Первые недели в школе, после успешного выздоровления, для Виктории были сродни с кошмарным сном – сном наяву. Все внимание было приковано к ней, словно в школе кроме ее проблемы ничего не существовало. Все только об этом говорили. С помощью прессы и телевизионщиков, наживающихся за счет чужого горя, за несколько недель Виктория превратилась из обычной школьницы в городскую знаменитость, в героиню, которая после жестокого изнасилования дала отпор психопату, вонзив в его тело тридцатисантиметровый нож. Горожане, увидев героиню воочию, на улице, в автобусе, в магазине, пристально и нагло обсматривали ее с ног до головы и уходили прочь (представляете, что в этот момент испытывает юная девушка, по сути, еще нераспустившийся цветок на поле жизни, столкнувшаяся один на один с бесчестием?). Учителя, во главе с директором школы, тоже не отставали, постоянно выражали ей глубочайшее сочувствие, желали наибыстрейшего выздоровления и скорого счастья в ее личной жизни. Но хуже всего было двоякое отношение учеников к горю Викторию. Одни ученики смотрели на нее с искренним сочувствием, другие с призрением и одновременно боязливостью, а некоторые недоброжелательные личности, вообще умудрялись нахально смотреть в ее глаза и спрашивать в игривом тоне, например: «Ну как тебе понравилось трахаться с маньяком?». От таких жестоких и аморальных вопросов внутри Виктории что-то обрывалась, она начинала плакать. Ей хотелось убежать ото всех, забыться и больше никогда не вспоминать о случившемся. Но бежать было некуда, она была в четырех стенах, в камере, где нет выхода и входа. Ей казалось, что весь обезумивший мир против нее и делает все, чтобы она сошла с ума вместе с ним. Однажды, после того, как Галя из параллельного класса, спросила ее о длине члена того, кто ее насиловал, Виктория не выдержала, ударила ее, повалила на пол и хотела задушить, но посмотрев на испуганное лицо девочки, ослабила хватку. Засмеялась, потом зарыдала. Успокоить Викторину истерику смог лишь Антон, который, надо сказать, вообще проявил себя, как друг, который в тяжелую минуту всегда придет на помощь. Он ее выслушивал, ободрял, успокаивал, веселил, провожал до дома, помогал по учебе. Был всегда рядом, как Иришка с Элизабет.

Со временем город, школа, ученики стали забывать о случившейся трагедии и все меньше и меньше говорили об этом, так как на горизонте, в стремительном потоке жизни, появлялись все новые и новые темы для обсуждения. Надо сказать, что Виктория маленькими, но уверенными шажками преодолевала трудности, с гордостью и достоинством, как и подобает сильным личностям и к моменту премьеры спектакля, по мнению ее друзей, она снова стала той самой энергичной, живой, веселой Викторией, которую они знали и любили.

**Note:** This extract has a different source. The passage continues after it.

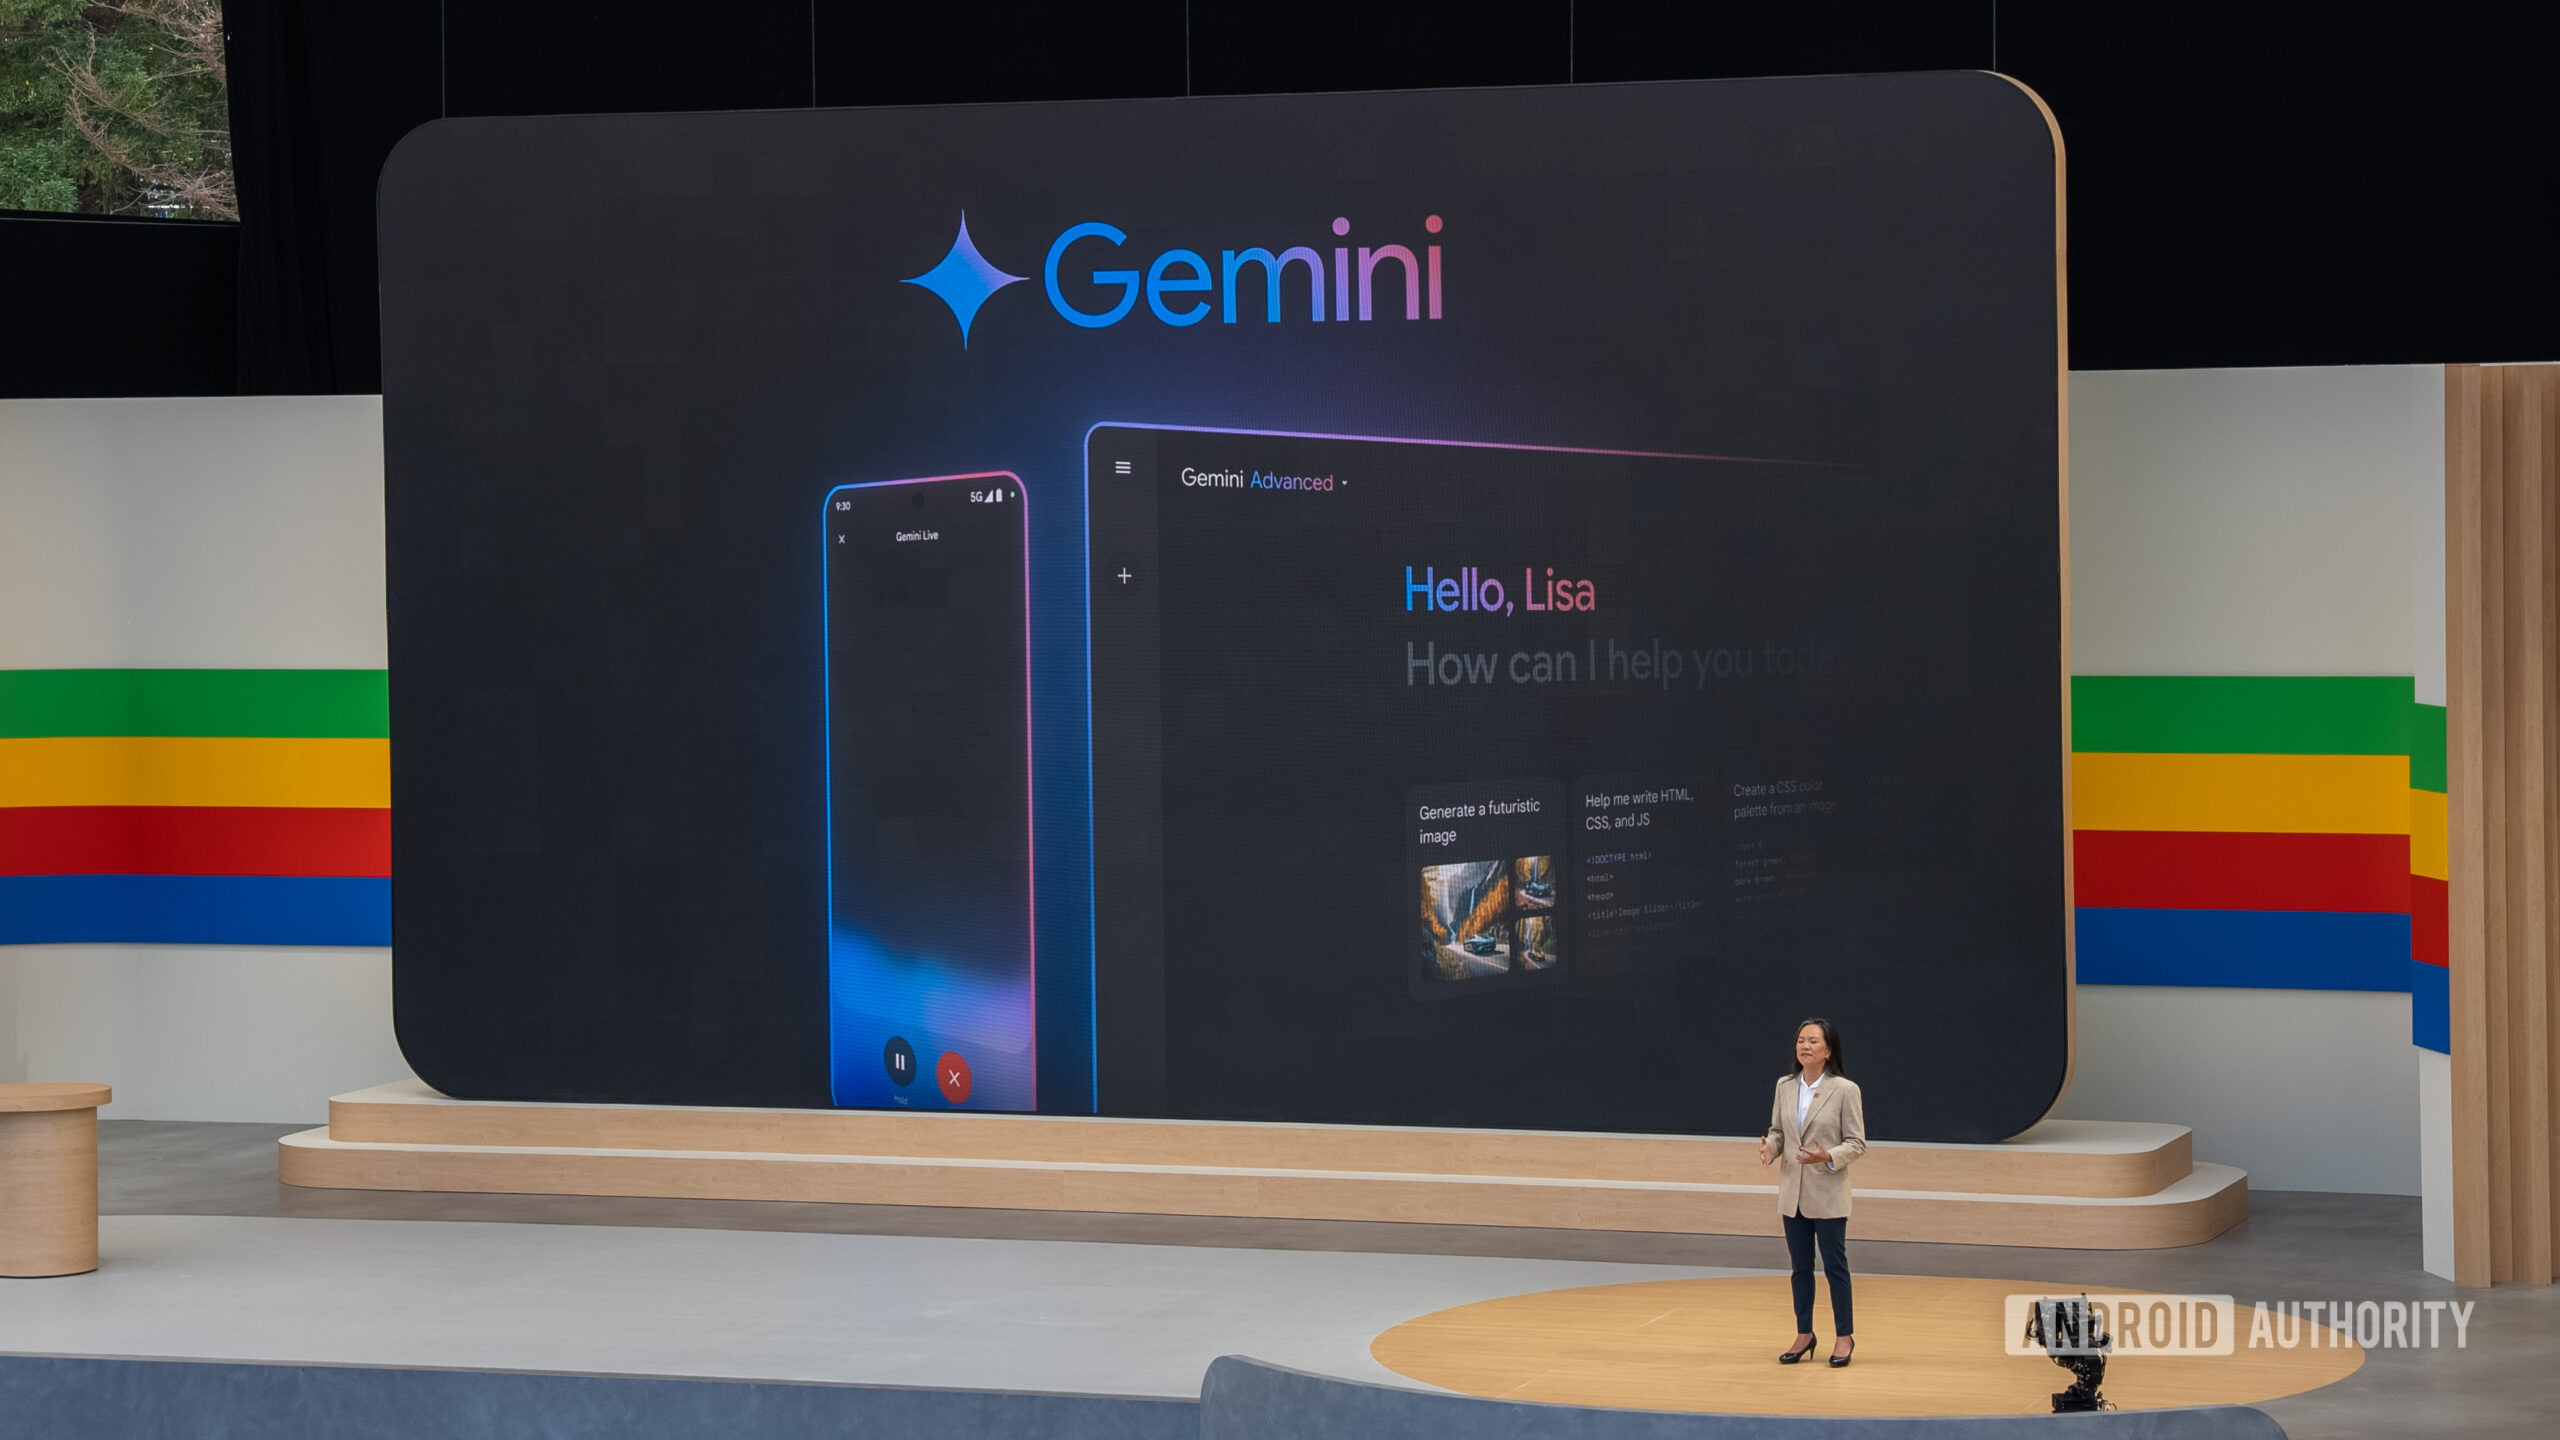 How many times did Google say ‘Gemini’ or ‘Android’ at I/O?

– Так. Ну, вроде бы все, – сказала Виктория, глядя на актерскую труппу, которая столпилась за кулисами в томительном предвкушении грандиозного празднества. – Финишная прямая. Последние пятнадцать минут перед тем, как мы представим на суд зрителей свой – я подчеркиваю свой! – спектакль по вольной экранизации романа Дэниала Киза. Знали бы вы, как я волнуюсь, как боюсь оплошать, забыть реплику или упасть со сцены. – Все захихикали. – Но больше всего я боюсь, что зрителям – преимущественно нашим родителям и родственникам – не понравится спектакль.

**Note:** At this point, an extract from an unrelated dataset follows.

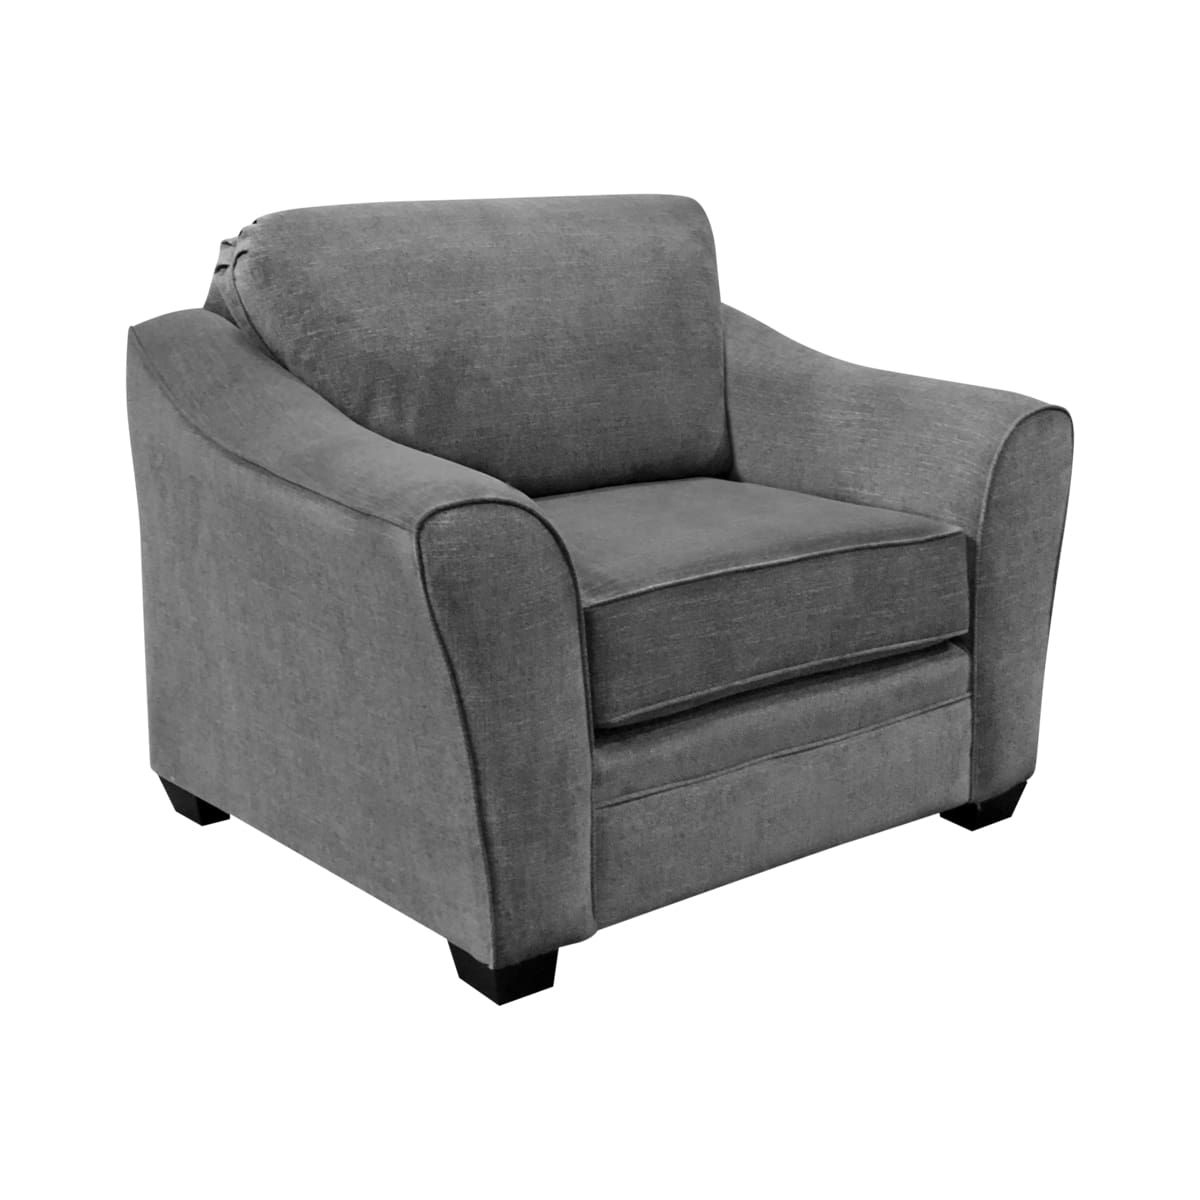 Tyson Chair - accent chairs

– Если даже им он не понравится, они этого не покажут, – сказал Антон.

– Ты не знаешь моего брата, – сострила Виктория.

– Не знаю. Но предполагаю… что он будет главным критиком. Верно?

– Именно. Если он будет хлопать, значит, спектакль удался на славу. Если нет, увы и ах…

– Может, его подкупить? У меня есть шоколадка «Россия» с орехами и изюмам, – сказал исполнитель роли профессора, Андрей.

– Ее брат не такой мелочный, – смеясь, добавила Иришка.

– Скорее наглый и запросит за свои лже-эмоции коробку шоколадок.

– Да это накладно подкупать критиков! Вот жулики!

– Если серьезно, – начала Виктория, – я хотела сказать, точнее, поблагодарить вас за то, что подошли к этому, безусловно, благородному и нужному делу со всей ответственностью, дотошностью и не пропускали ни одной репетиций. Так же я хотела поблагодарить вас, мои друзья, за то, что вы вернули меня к жизни, в буквальном смысле этого слова. Одно время я думала… даже страшно представить, о чем я думала… что не справляюсь и сойду с ума. Спасибо, что помогли мне пережить весь этот кошмар, который, я думала, никогда не кончится. На этой пафосной ноте я закругляюсь. А нееет! Еще пару слов. Желаю нам удачи. Спасибо за внимание.

Она подошла и обняла каждого участника спектакля, сказав еще раз спасибо за заботу, за понимание, за уважение.

– Да ладно хватит, Виктория, меня восхвалять. Я ровным счетом ничего не сделал, – сказала Антон, когда его обнимала и благодарила Виктория. – Ты бы на моем месте поступила точно так же.

– Твоя скромность делает тебя еще мужественней. Ты день ото дня становишься все милее и милее моему ранимому сердцу. Я рада, что встретила тебя, что имею честь быть твоим другом.

– Взаимно. – Он улыбнулся. – Ты, Виктория, научила меня многому. Ты мой пример для подражания. У тебя сильное сердце.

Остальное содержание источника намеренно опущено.